# DATA RECORDS

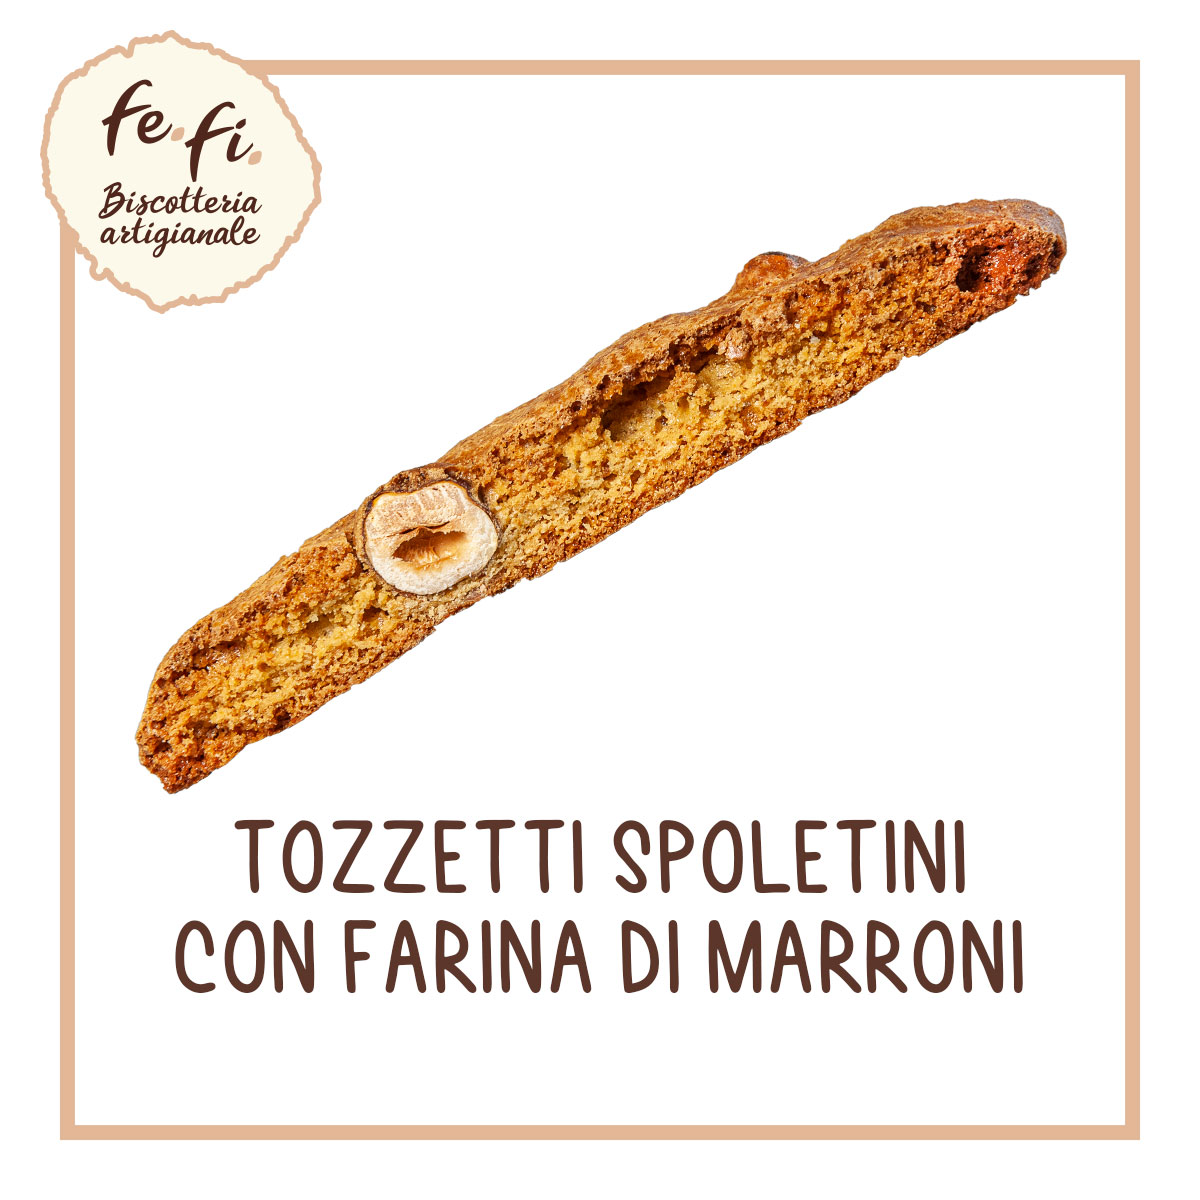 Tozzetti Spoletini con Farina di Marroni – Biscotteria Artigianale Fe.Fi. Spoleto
==
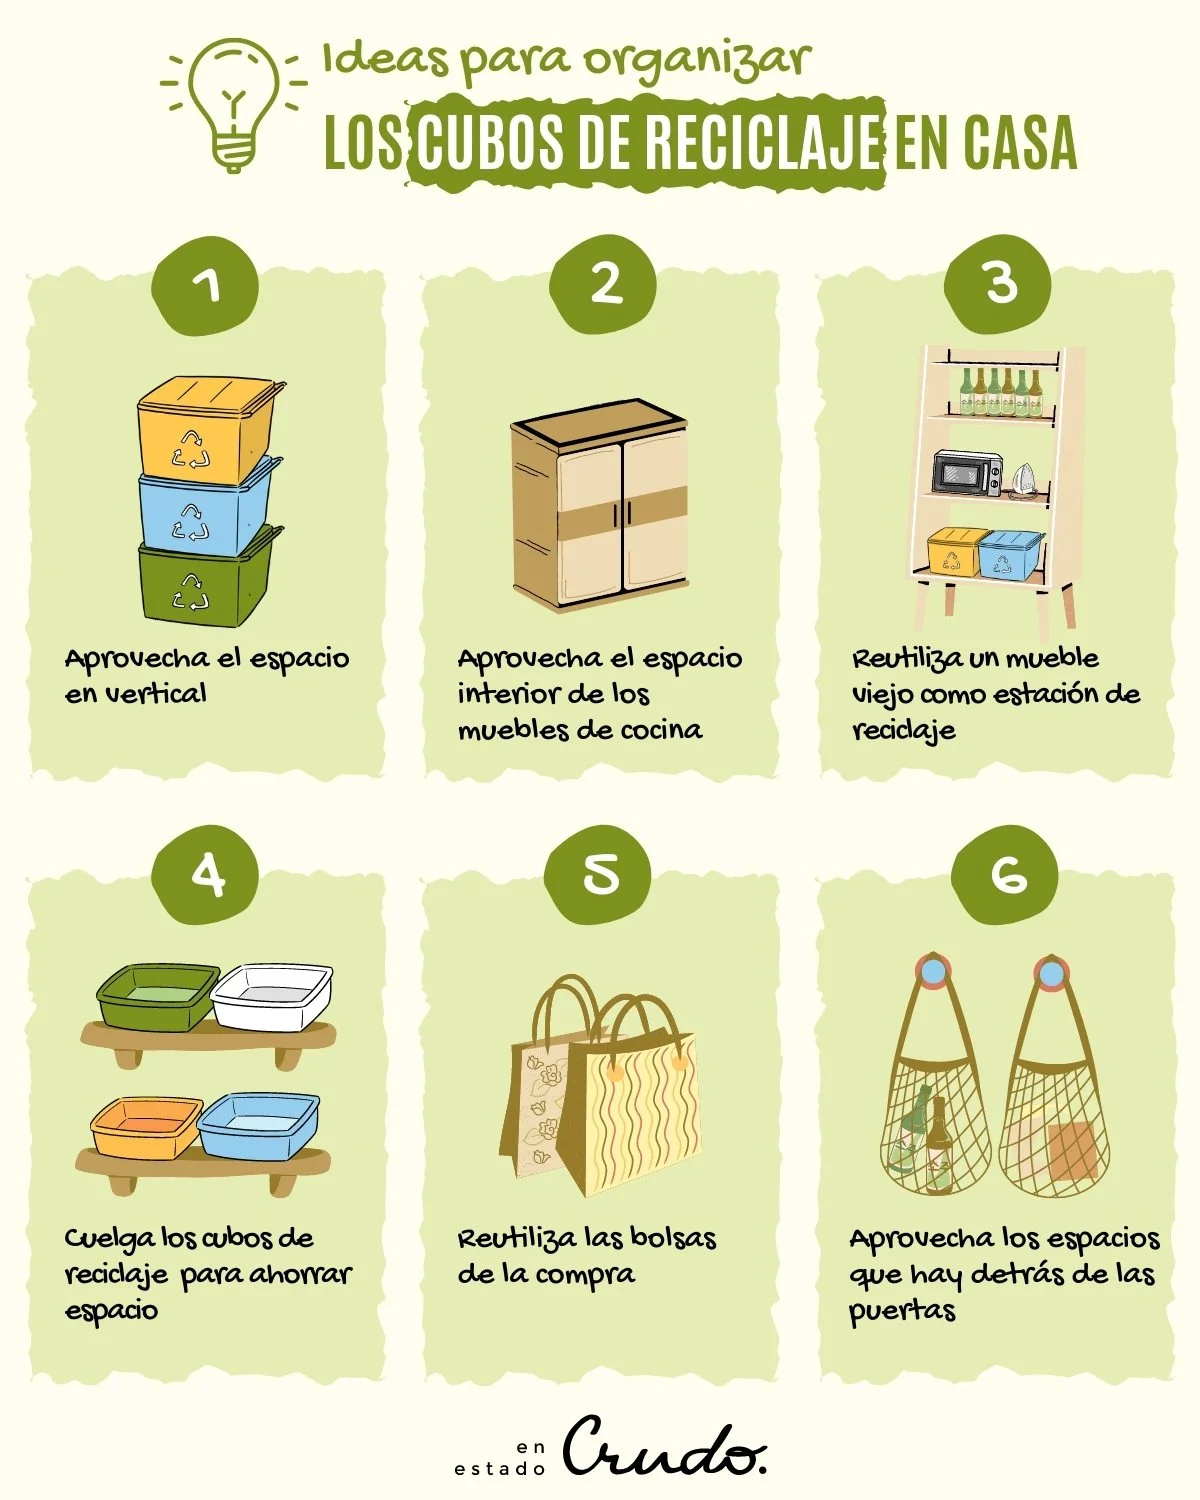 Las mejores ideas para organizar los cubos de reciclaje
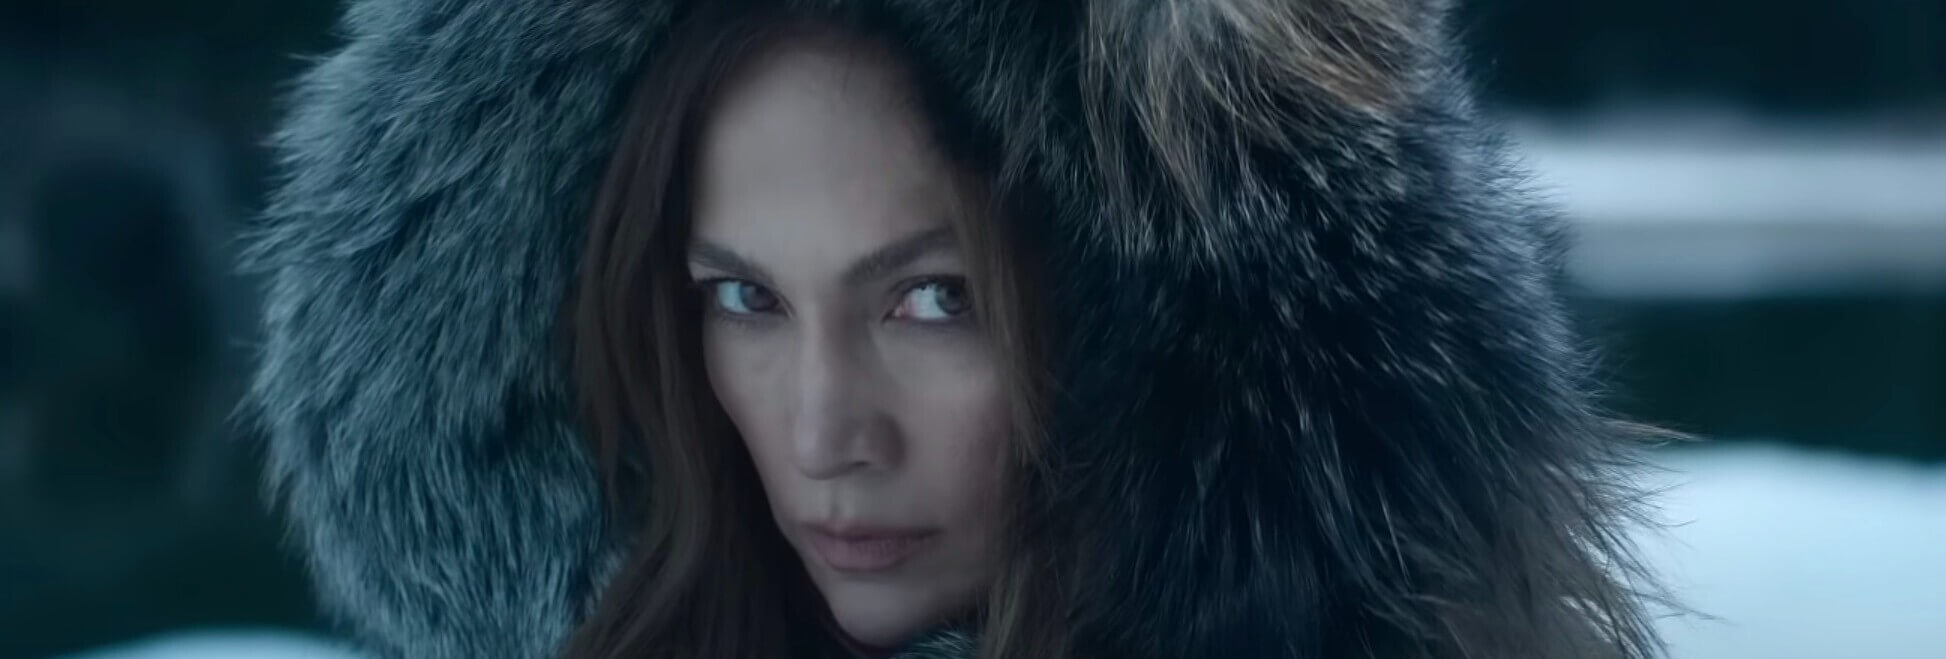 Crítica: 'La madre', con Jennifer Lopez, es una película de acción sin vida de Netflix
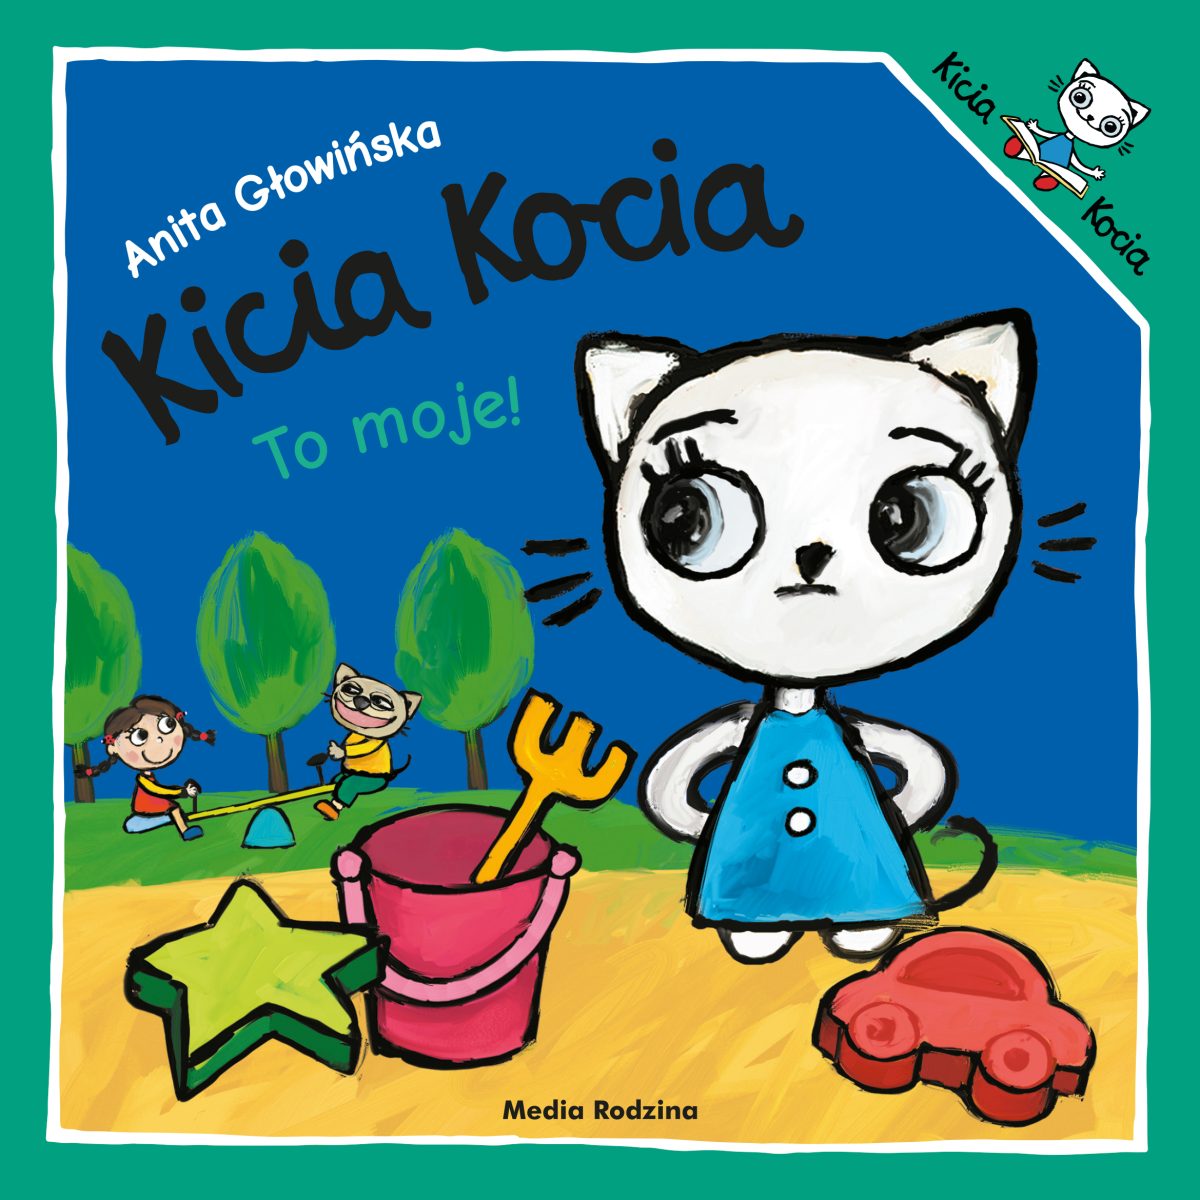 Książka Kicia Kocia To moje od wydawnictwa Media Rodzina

# WORK TASK
For this exercise, reproduce exactly the lines of the records above from the one with "Las mejores ideas" up to and including the one with "Książka Kicia Kocia", without pictures.

# SOLUTION FOR THIS EXERCISE
 Las mejores ideas para organizar los cubos de reciclaje
 Crítica: 'La madre', con Jennifer Lopez, es una película de acción sin vida de Netflix
 Książka Kicia Kocia To moje od wydawnictwa Media Rodzina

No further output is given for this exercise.